# For Sale 2001 Jeep Wrangler Yard Truck with Meyer Plow



## theplowmeister (Nov 14, 2006)

2001 Jeep wrangler with Myer plow Mechanically great... Lots of rust.
Hard top 6 cyl 5 speed manual, Blizzak tires. Has evap leak. CV front axles new front driveshaft.


----------



## buttaluv (Dec 8, 2000)

What are you planning to replace it with?


----------



## the Suburbanite (Jan 27, 2018)

buttaluv said:


> What are you planning to replace it with?


I'm going to go out on a limb and say: "money"

GLWS


----------



## theplowmeister (Nov 14, 2006)

the Suburbanite said:


> I'm going to go out on a limb and say: "money"
> 
> GLWS


a newer Jeep Wrangler without so much rust. and a Boss plow.


----------



## buttaluv (Dec 8, 2000)

going to try to stay with a standard tranny?
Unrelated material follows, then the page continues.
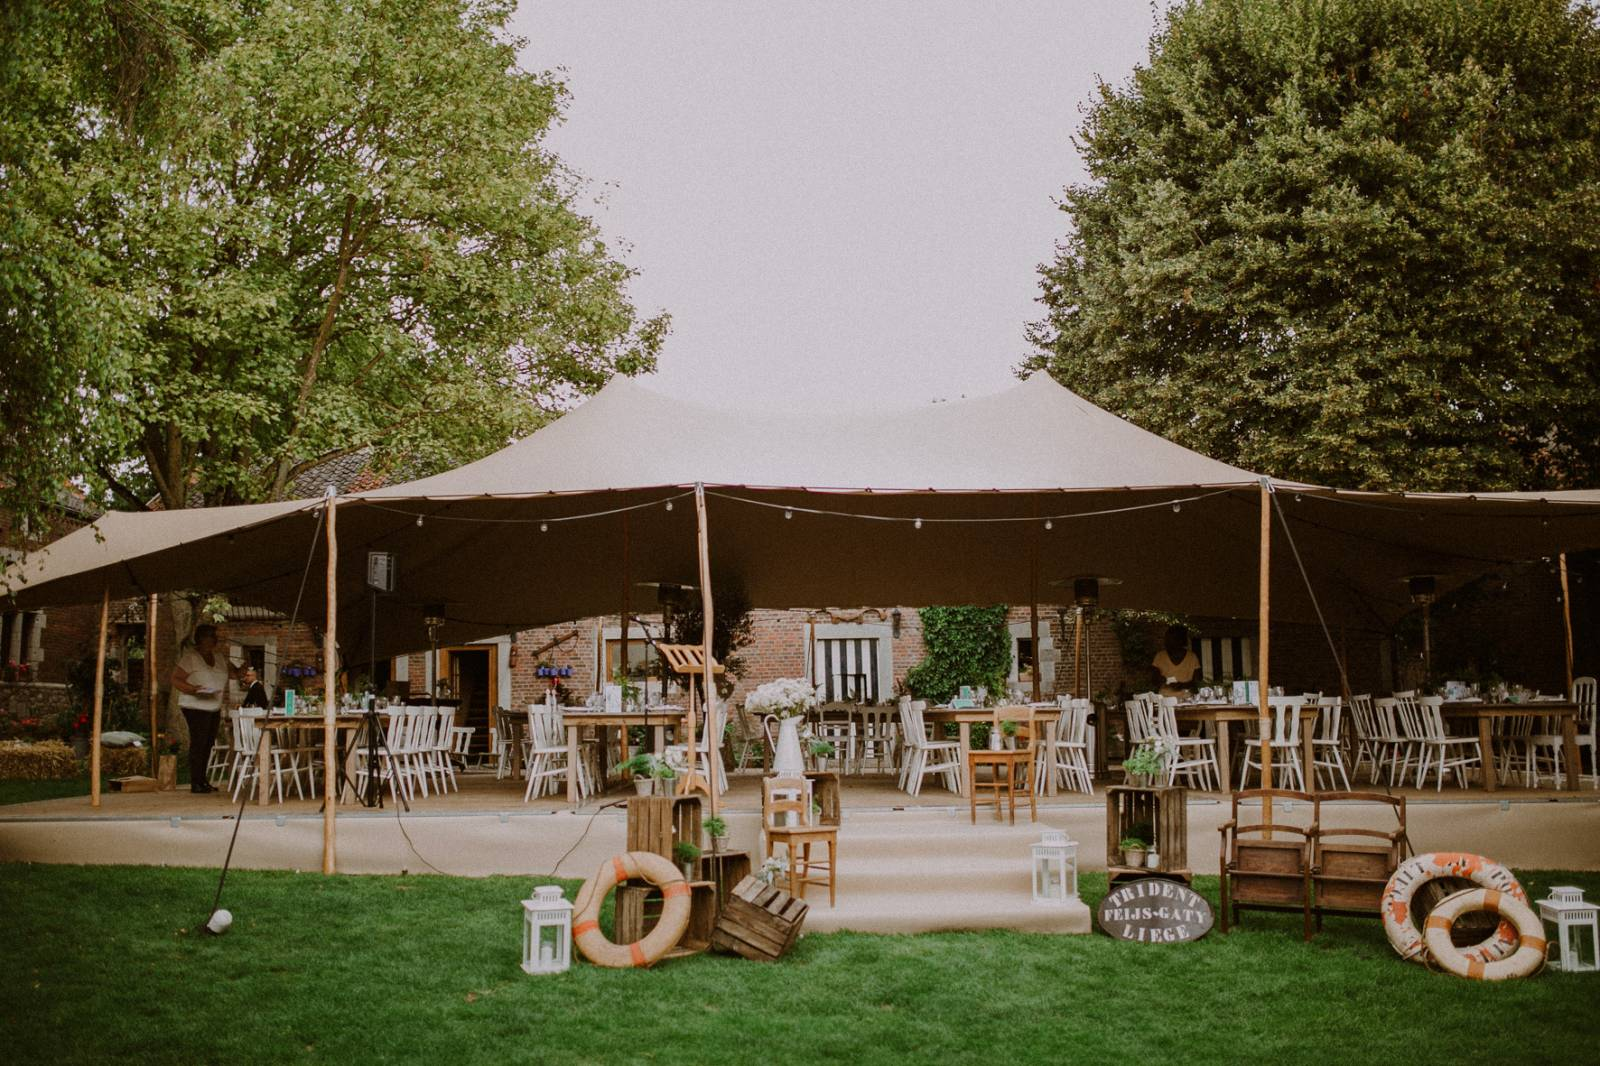 Be Your Guest - Wedding Planner - House of Weddings13-TENTE-2019-Haiku

You sold another one of your Jeep’s while back didn’t you? Did you replace it with something?


----------



## theplowmeister (Nov 14, 2006)

buttaluv said:


> going to try to stay with a standard tranny? You sold another one of your Jeep's while back didn't you? Did you replace it with something?


Yes last fall I sold my Green 2000 TJ with an auto, replaced it with a 2003 TJ auto.

Yes Im looking to replace the red TJ with another Jeep. Still deciding on TJ or JK. undecided on Auto or manual. my guy that will drive it is on the fence about manual or auto.


----------



## gunsworth (Nov 18, 2003)

theplowmeister said:


> Yes last fall I sold my Green 2000 TJ with an auto, replaced it with a 2003 TJ auto.
> 
> Yes Im looking to replace the red TJ with another Jeep. Still deciding on TJ or JK. undecided on Auto or manual. my guy that will drive it is on the fence about manual or auto.


Any issues with the 4 speed trans? switching to same this year from my 98, little concerned about the trans from what ive read...

you going with a htx v?


----------



## theplowmeister (Nov 14, 2006)

no problems yet with the 4 sp auto


----------